Retirement Spotlight: Nate Dally
Meet Nate Dally who recently retired from Augustana as assistant vice president for annual giving and alumni relations, and find out why relationships and friendships are so important in a successful 31-year career in Advancement.
Q: Where are you originally from and where did you get your education?
A: I was born and raised in Sioux Falls and went to high school at Washington. From there I went to Concordia College and double majored in political science and English and minored in business administration. I went to grad school at the University of South Dakota and then came back and did more post graduate training in business at Augustana, allowing me to have triple majors.
Q: Why did you choose Augustana as your professional home?
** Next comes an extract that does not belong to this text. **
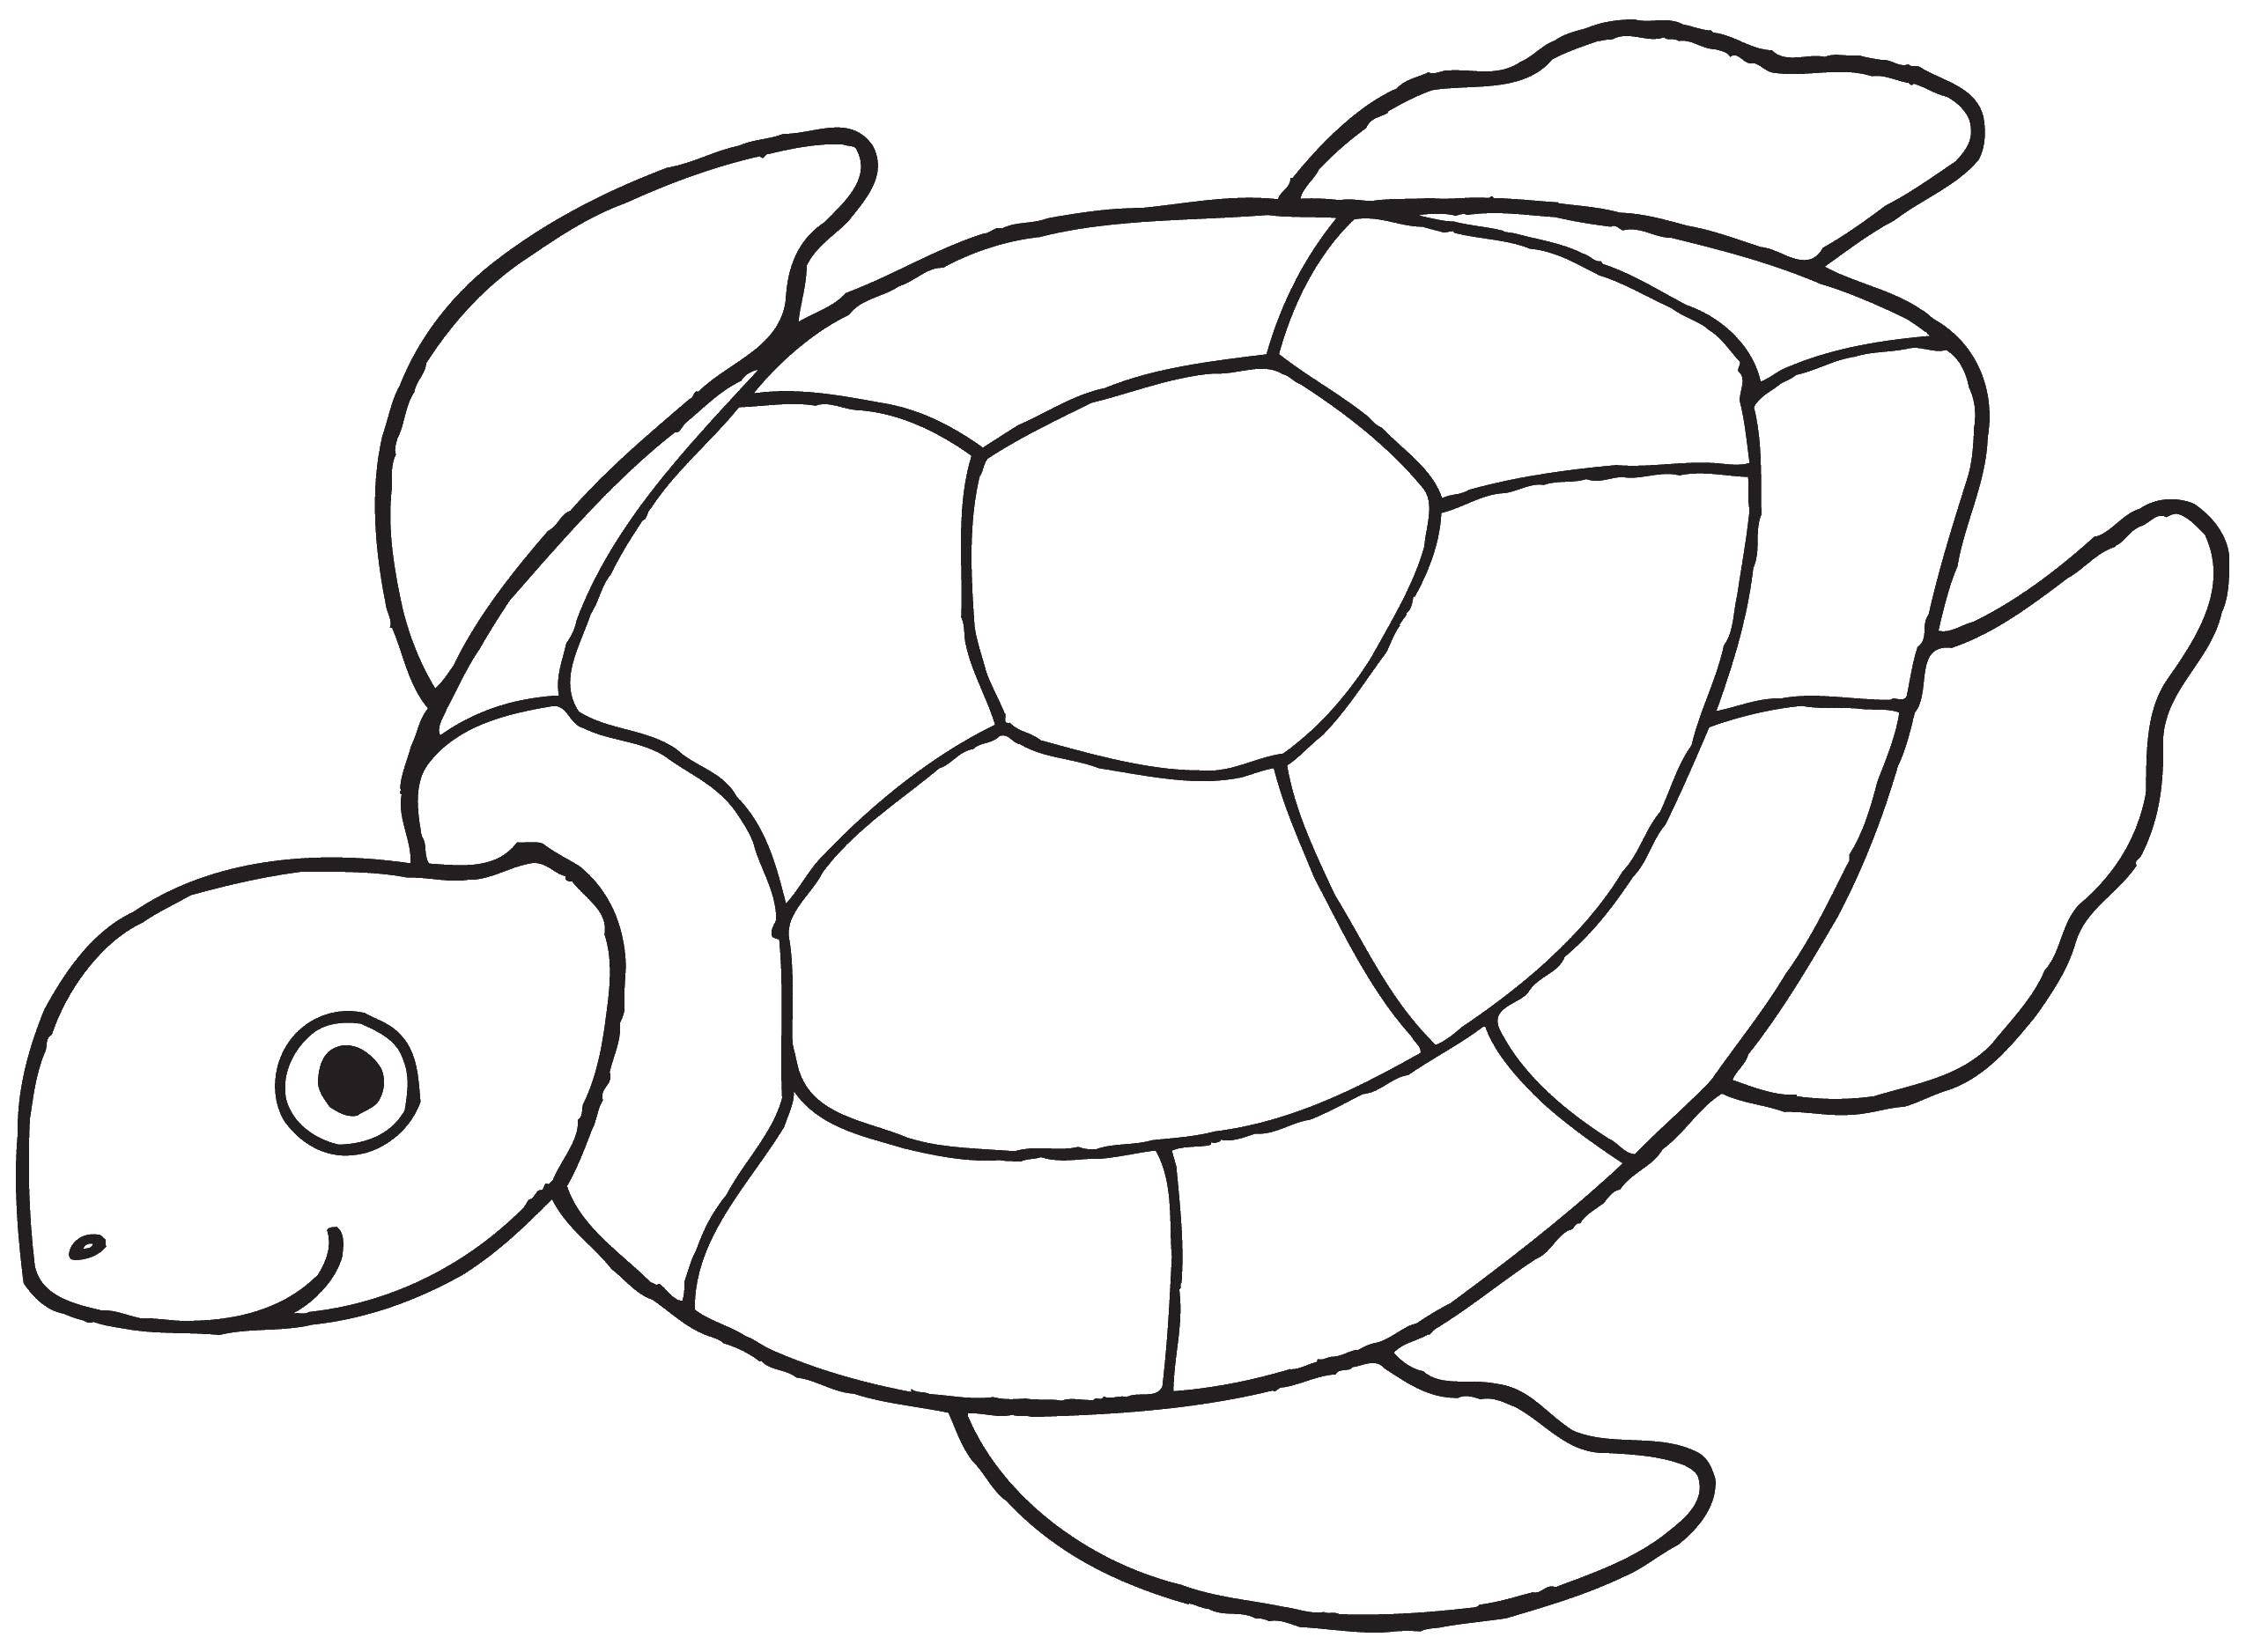 Coloring Floating turtle. Category marine. Tags:  animals, turtles, sea turtles.

A: I was working in retail as a store co-manager and responsible for a staff of more than 25 and bringing in seven figures in annual sales. The company I was working at was all about making money, the bottom line and ROI [return on investment]. I enjoyed the challenges, the customers, and my colleagues. A friend of [my wife] Mary’s told her about this job at Augie in development. I had a good experience in taking classes at Augie in the spring of 1985 and had some previous experience in development, volunteering in the office at Concordia College in exchange for a free meal! So, I was fortunate to earn an interview, and I walked into the room and was met by a bassoonist, biology teacher, basketball coach and a preacher. The vice president of development at that time was not part of the interview but he told the preacher not to hire me, because he said I would be taking a large reduction in pay to work here and he would not be happy and stay very long. Well, that was almost 31 years ago and 13 vice presidents/interim vice presidents and six presidents ago. I am grateful to have been hired and honored to work here. I have tried to give 110 percent every day and make a positive difference.
Q: What is the one thing that has kept you at Augie for more than three decades?
A: I felt a calling to go to Augustana. At Augie, I could help students go out and make a difference in the world to be teachers, preachers, doctors, lawyers, nurses, business people, coaches, volunteers, civic leaders, and Sunday school teachers. Early on I heard a phrase at Augie: ‘enter to learn and leave to serve.’ That motto has sealed the deal.
Q: What's the best part about your job?
A: Seeing the joy of giving and receiving. It’s been 31 years and I’m the longest-serving development officer in the history of Augie. Also, it has been a privilege to work with more donors and match up their interests with the school's needs than anyone else in the history of Augie. It is humbling to be part of securing transformational gifts from friends with colleagues and being part of comprehensive, transformational campaigns. Recently, I heard a fundraising consultant say you cannot have a relationship or friendship with your donors. My career proves that statement is not true. Development is not a transaction but something much greater. Philanthropy's bottom line is humans caring for and helping other humans. Throughout the years, I have witnessed the joy in giving and receiving thousands of times. It has been an honor to have relationships with so many alumni and friends. I am beyond blessed.
Q: What will you miss most about being on campus every day?
A: Seeing our students growing, graduating, and making a difference in the world. Seeing friends falling in love with the mission of Augie and believing in its five core values. Also, I’ll miss climbing the stairs to my office.
Q: What are your plans for retirement?
A: Spending time with family and friends. Mary and I will be celebrating our 33rd wedding anniversary this year! And I want to spend more time with my three children. We are talking about doing some traveling; maybe a family trip to Iceland. I also have several hobbies that I hope I’ll be pursuing further such as fishing, hiking, biking, running, racquetball, tennis, downhill skiing, hunting, DIY projects around the home, reading, and cheering on the Minnesota Twins and Vikings.
Q: What advice do you have for your colleagues at Augie?
A: Stay with your organization! Do not be a job jumper! The average tenure for a nonprofit development officer is three to four years. It takes five to seven years for a donor to decide on making a major gift in a stable environment with a president and/or development officer. Finally, remember it is about developing a rapport with individuals, which will lead to a lasting friendship/relationship.